- Published on
A Simple Architecture for Crypto Trading Bot
- Authors
- Name
- Joshua Ali
- @Joshua472963523
Background
To gain an edge in algo trading, you first need to acquire large volumes of rich data, which allows you to develop sophisticated instruments for multi-timeframe analysis. Some key data includes raw trades, liquidations, candlesticks (Klines), and open interest candles. The trouble is that crypto exchanges typically do not allow you to poll raw trade or liquidation data — or at least not very far back. Therefore, you must rely on their WebSocket streams running 24/7 to ingest this data. Historical data is increasingly difficult to obtain from these exchanges, and some no longer offer downloadable liquidation data. This is problematic if you wish to backtest, as you won’t have access to an important part of the puzzle. It would be like trying to navigate through the desert with a faulty compass.

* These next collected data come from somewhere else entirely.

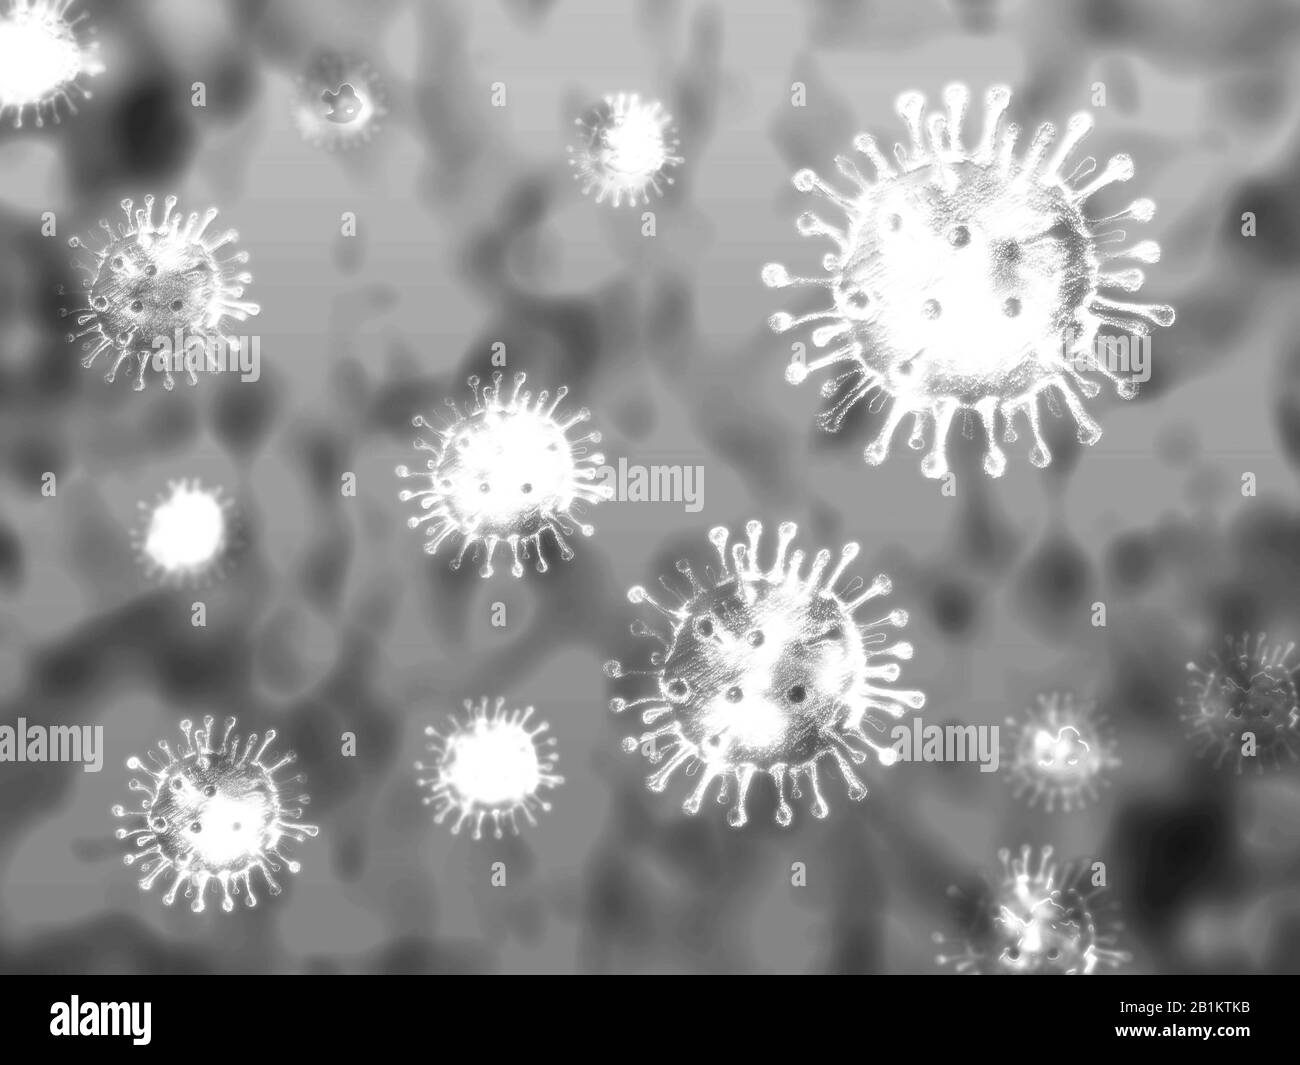 Concepto de ilustración de coronavirus. Vista microscópica del coronavirus, un patógeno que ataca el tracto respiratorio. Foto de stock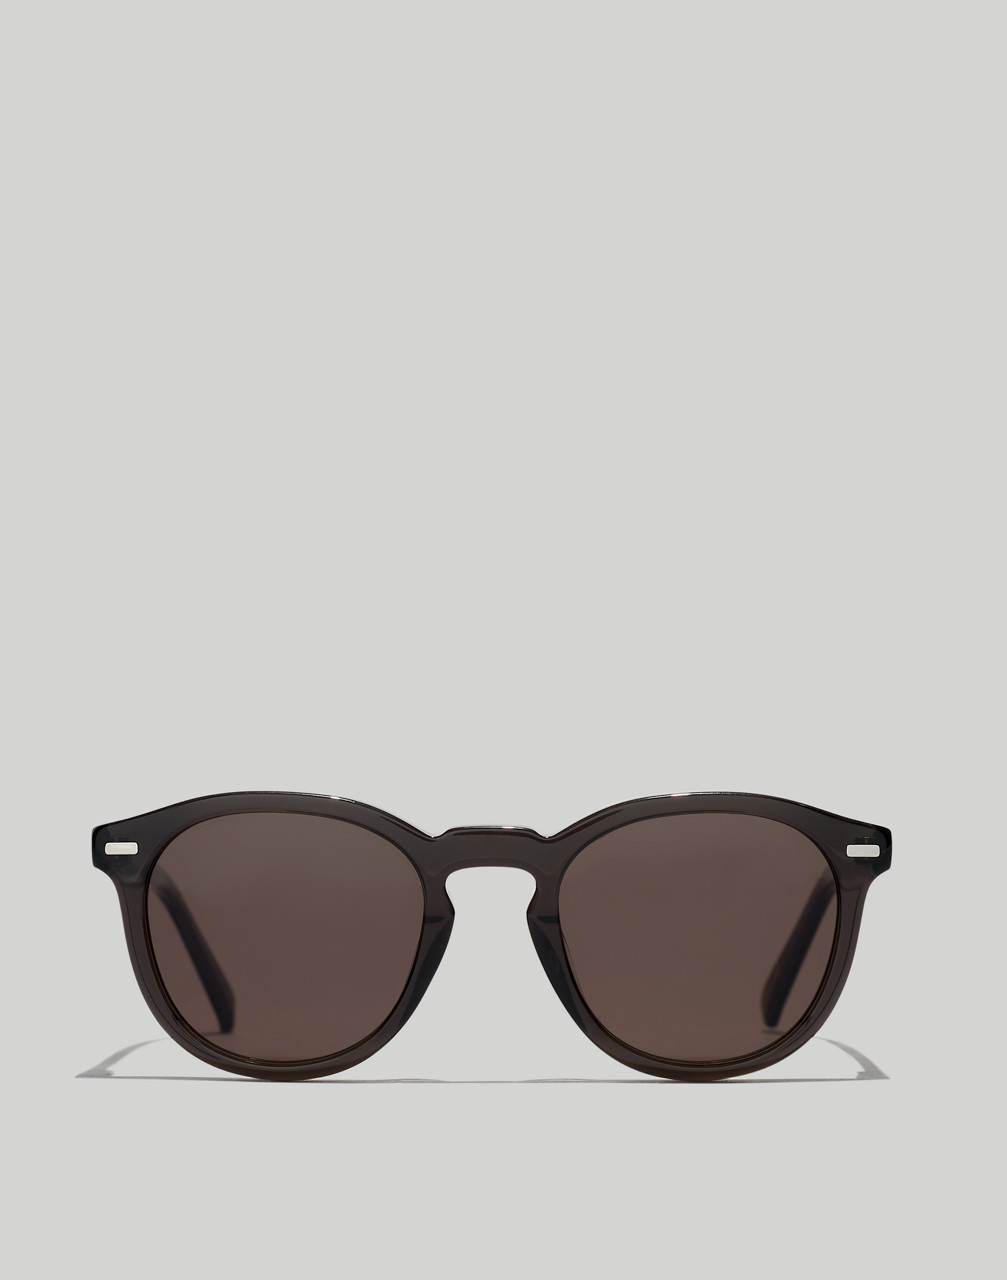 Mw Danford Sunglasses In True Black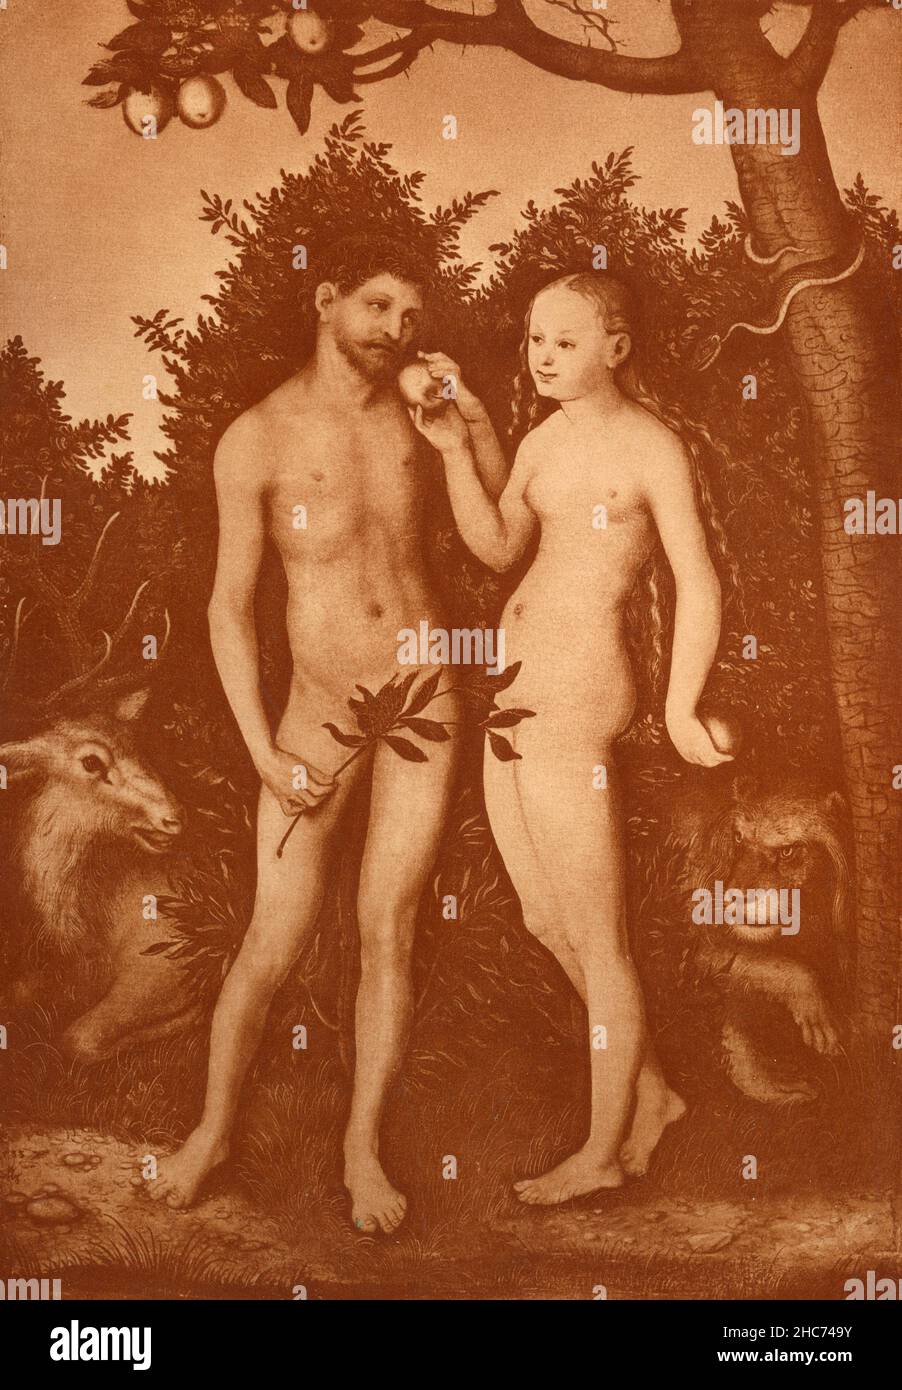 Adam et Eve au paradis, peinture de l'artiste allemand Lucas Cranach, Munich 1897 Banque D'Images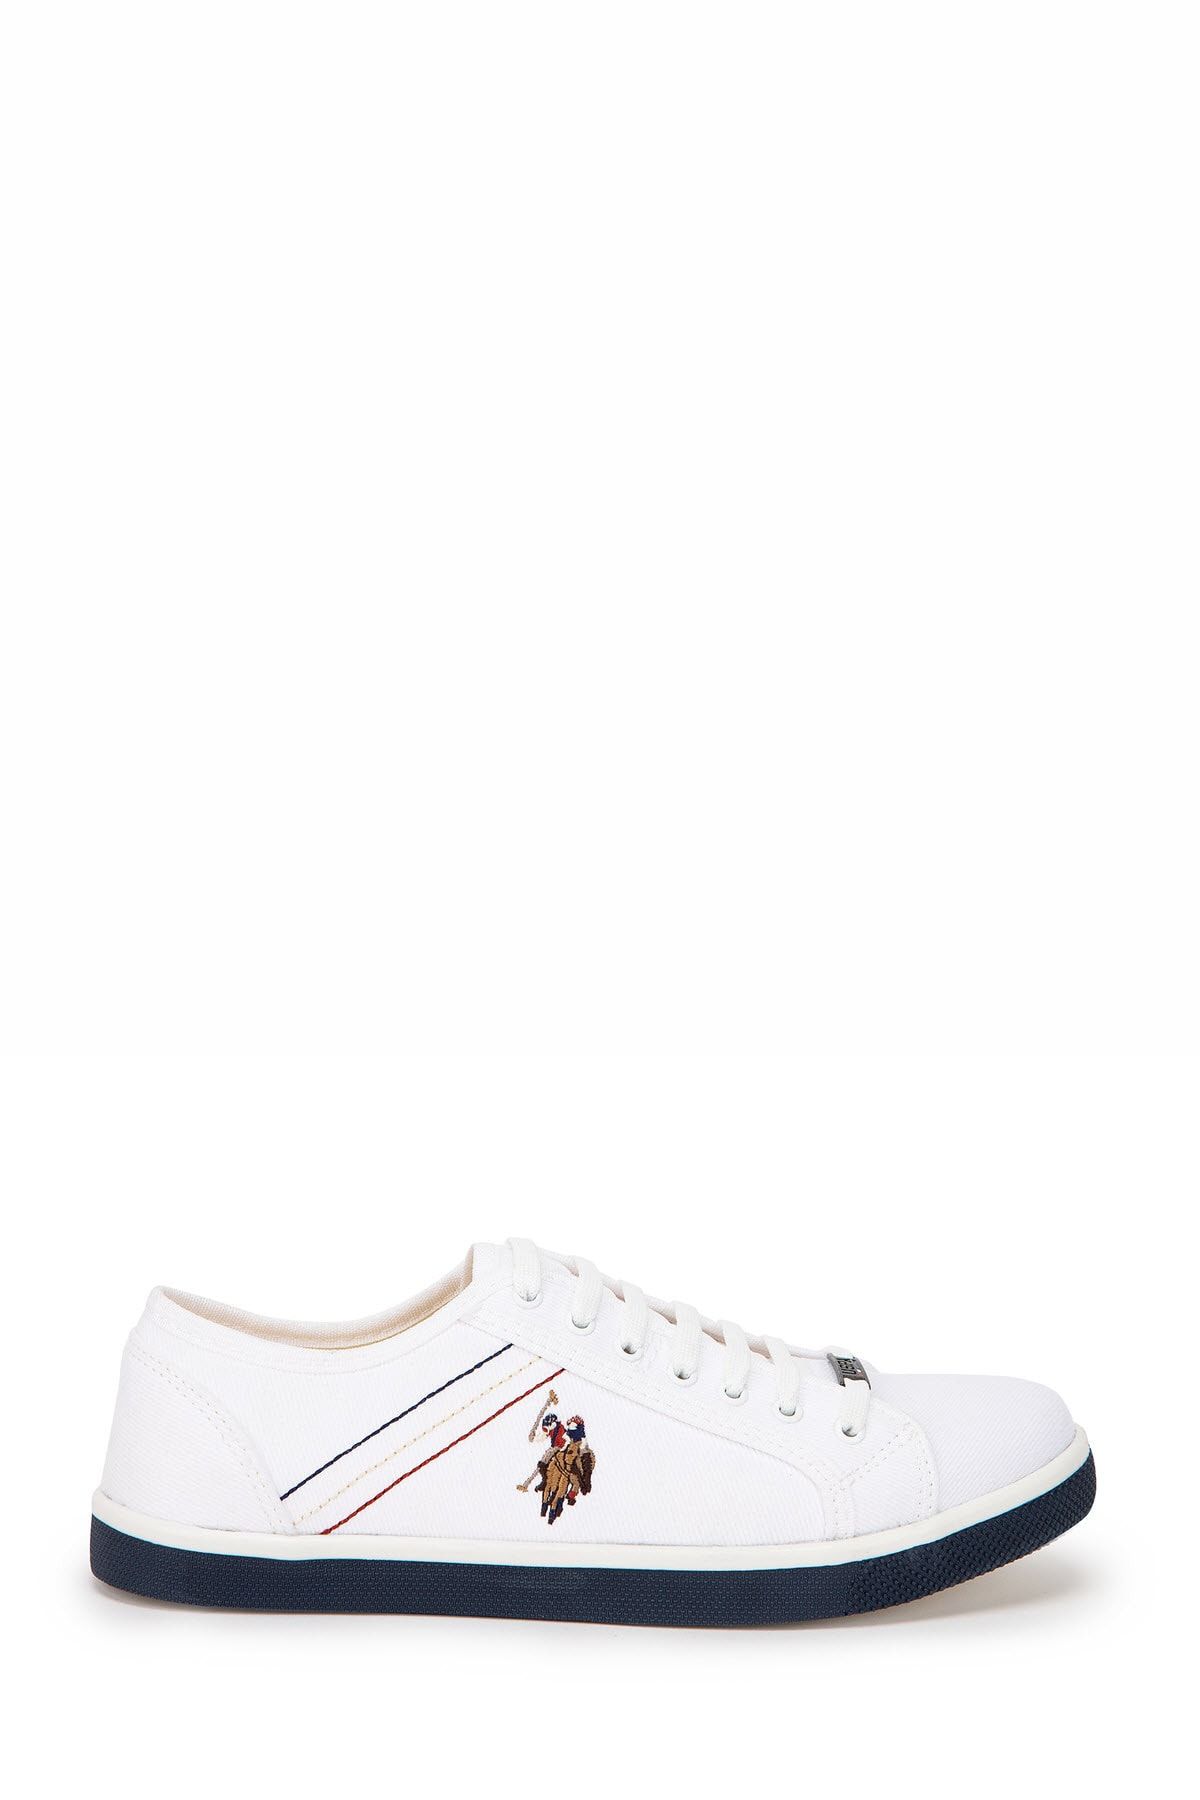 U.S. Polo Assn. Beyaz Erkek Ayakkabı

It is therefore important to develop dedicated services to collect, process, and manage this data at scale.
This post outlines a simple architecture I've developed for ingesting high-frequency raw data, as well as general data like Klines, from multiple crypto exchanges and efficiently managing the associated storage requirements.
Choosing the Right Database: QuestDB
After experimenting with various time-series databases, I found QuestDB to be an outstanding solution for high-frequency data ingestion, capable of handling millions of entries per second with exceptional performance. I was previously using TimeScaleDB but found it insufficiently optimised for the volume and speed required for real-time data ingestion.
I first learned about it in a blog post from quant Dean Markwick — who offers a mathematical approach to trading.
A major challenge you'll face is storage. You will need many gigabytes of disk space, even in the hundreds if you plan to store raw trades for many symbols across multiple exchanges spanning several months. With QuestDB, you can mitigate this by configuring Time-To-Live (TTL) on database tables to automatically purge data older than your specified retention period (e.g., 30 days).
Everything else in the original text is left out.